> **WORK REQUIRED**:
A faithful copy is required. Print each line of the data exactly and omit the pictures.
==== RECORDED INFORMATION ====
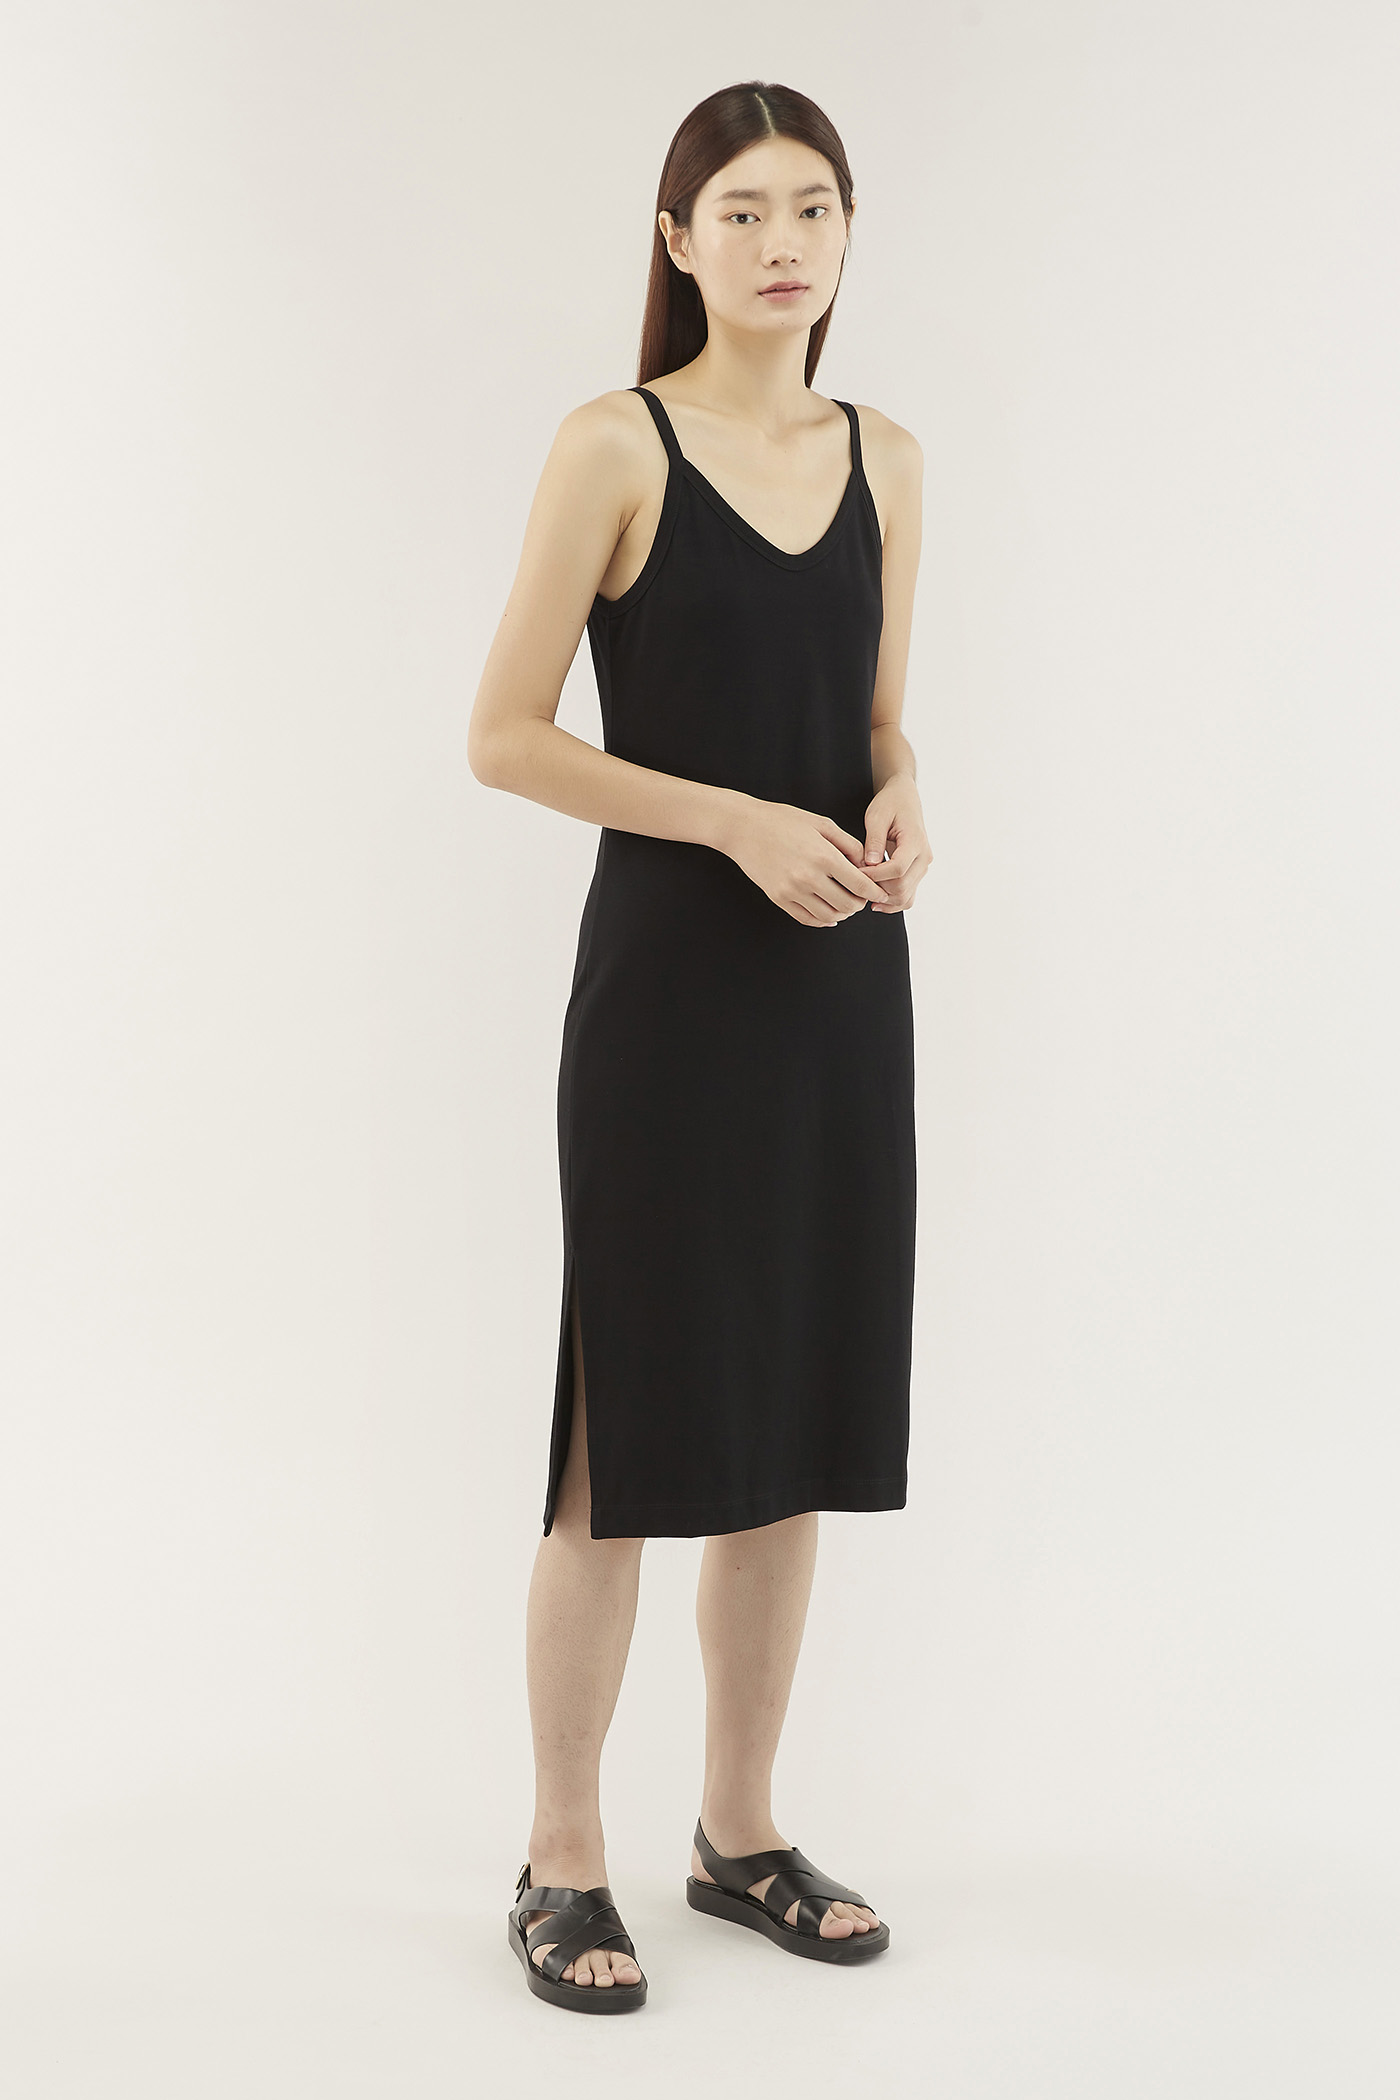 Alecia V-neck Tank Dress
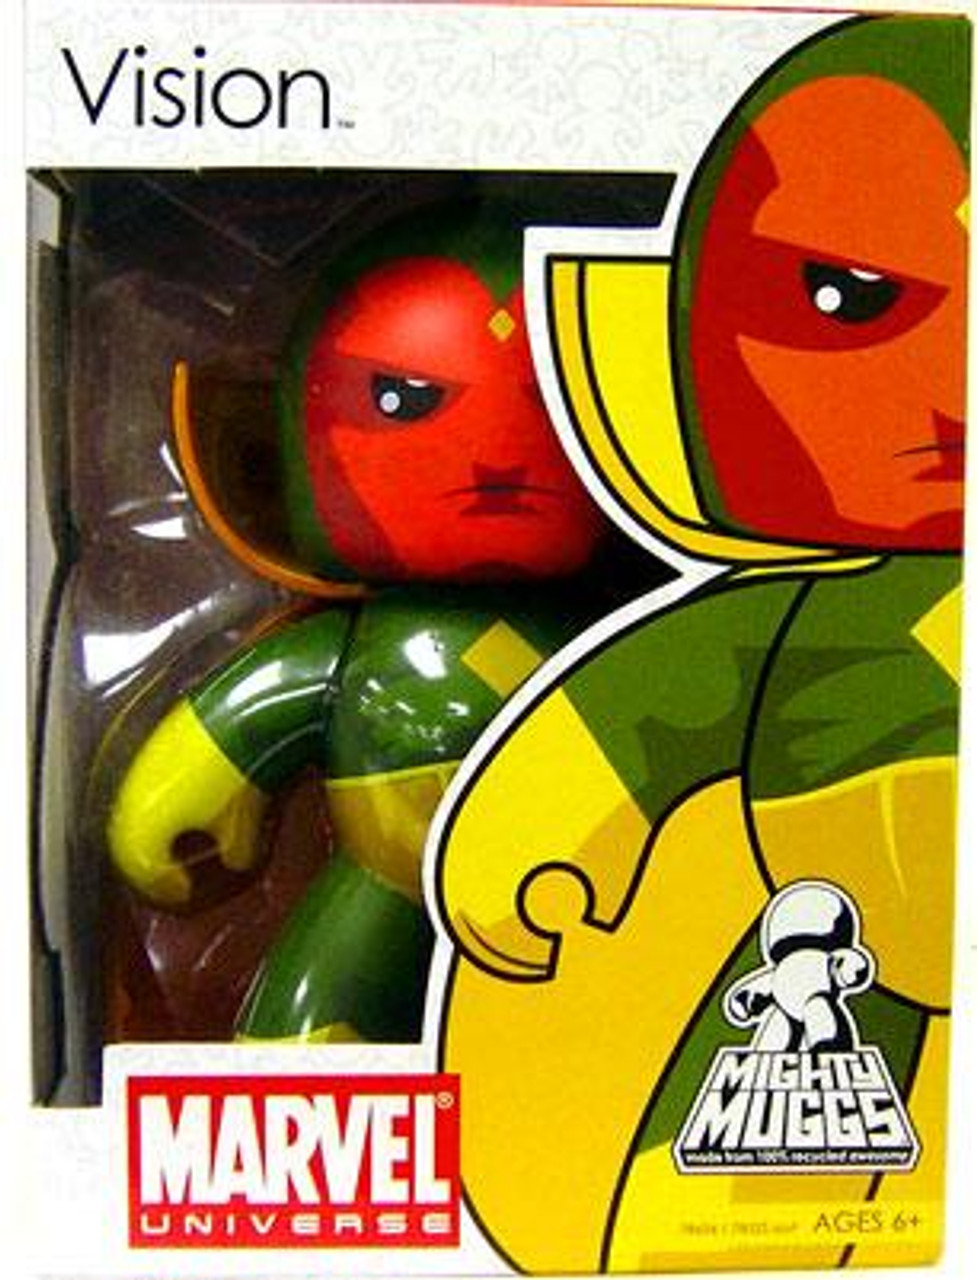 Marvel Mighty Muggs Series 5 Vision Vinyl Figure
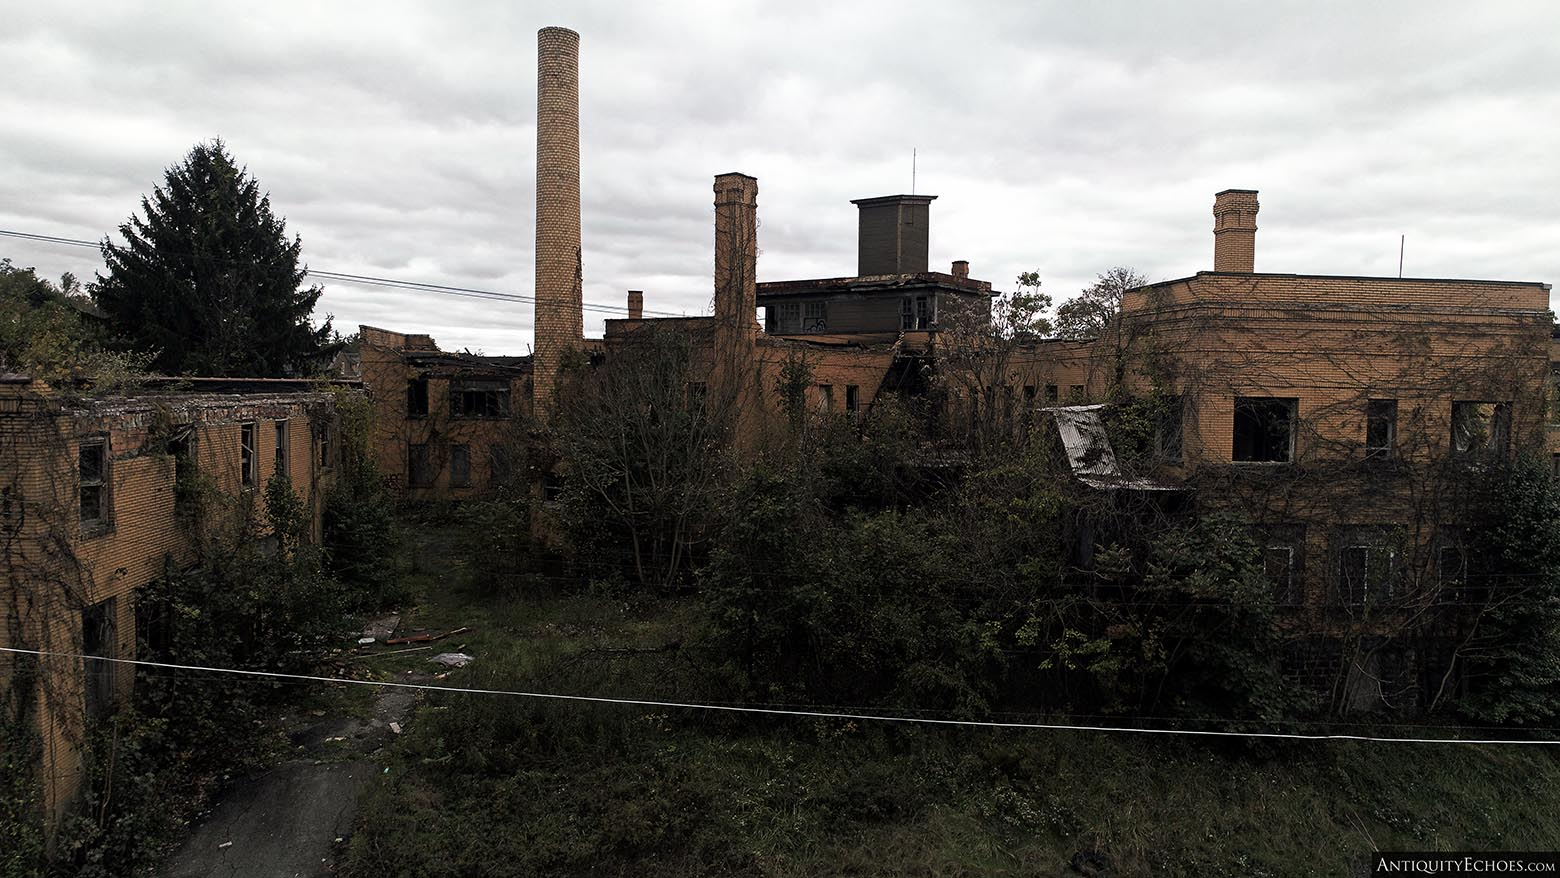 Brownsville General Hospital - Overgrown Property
====
> **RESPONSE TO THE TASK**:
 Alecia V-neck Tank Dress
 Marvel Mighty Muggs Series 5 Vision Vinyl Figure
 Brownsville General Hospital - Overgrown Property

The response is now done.